Glen: “Mmm. That’s… it’s an important part of it.”

Kidman: “Look at the way we are both sitting with our arms crossed.”

Glen: “We’re shifting nervously.”

Kidman: “It’s hard, though, playing five characters and having to relate differently sexually to each other as those five characters. You have to be extremely specific about it.”

Glen: “You have to be hard on yourself. When you do get comfortable physically, you tend to drift towards being yourself. You say, ‘Okay, I’m comfortable with this, so I’ll be Iain, – and actually we’ve got to try and create 10 different sexual encounters with five different characters each.”

There must have been some interesting conversations in rehearsal.

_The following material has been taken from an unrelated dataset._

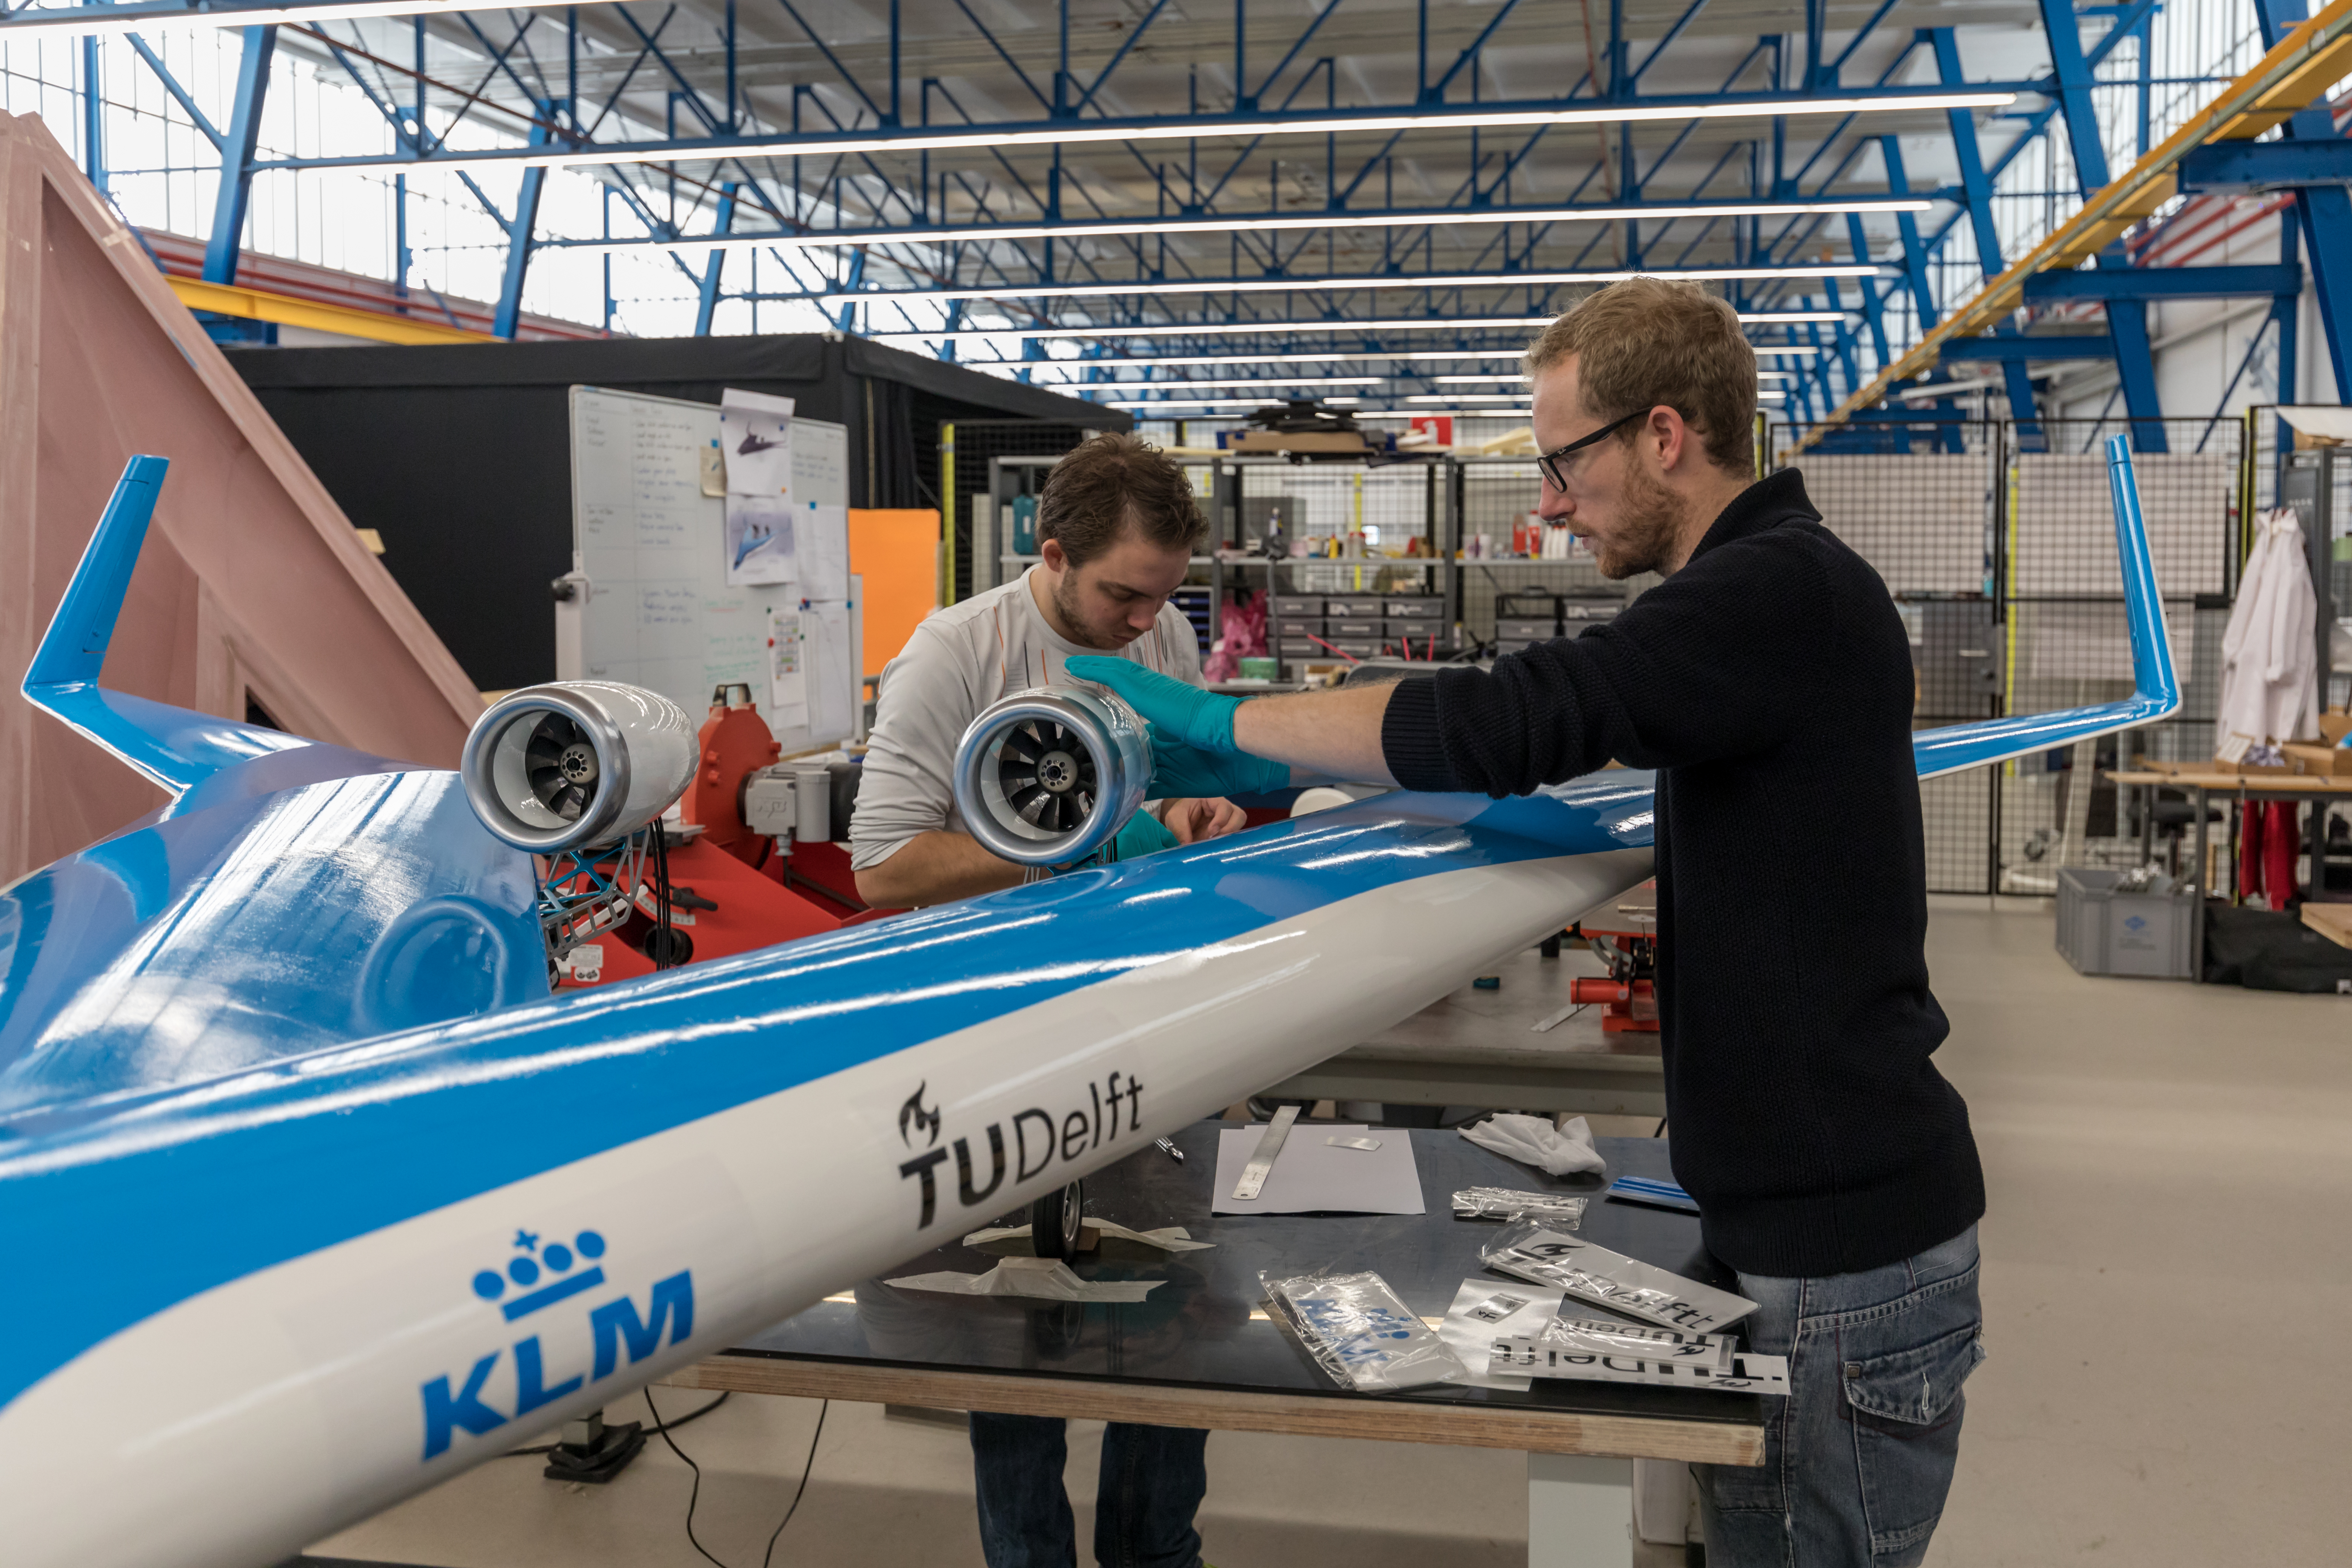 Working on the Flying-V scale model (photo: Henri Werij)

Kidman: “There were some revealings of pasts, which will not go beyond the rehearsal room!”

Glen: “Something that men don’t know is how other men make love, and women don’t know how other women make love.”

Kidman: “We really had to look into that.”

Glen: “It’s really important because it mustn’t be flabby and loose. It has to be very real and it has to be, at times, very sexy.”

Kidman: “Don’t say that.”

Glen: “Well, funny and messy and whatever.

Will Cruise and Glen’s wife (actress Susanna Harker) be able to cope with their stage rapport?

Kidman: “We hope so.”

Glen: “I think we’ll get them in early.”

Kidman: “It is different to film, though. In film it’s edited and all put together. You can sit there together in the audience and watch it, and say ‘Oh, it was a terrible day. I hated doing that. I hated kissing him.’ In the theatre, it’s really in your face. But I think they are both pretty secure.”

Glen: “Sam had this clever thing at the beginning that whenever we were supposed to kiss, we just held hands.”

Kidman: “To find out who had the power, who would make the first move.”

Glen: “To suggest what type of kiss it might be.”

Kidman: “We carried on like that for a while.”

Glen: “And then one day we just forgot to put our hands up.”

Kidman: “And now we’ll kiss for you right here!”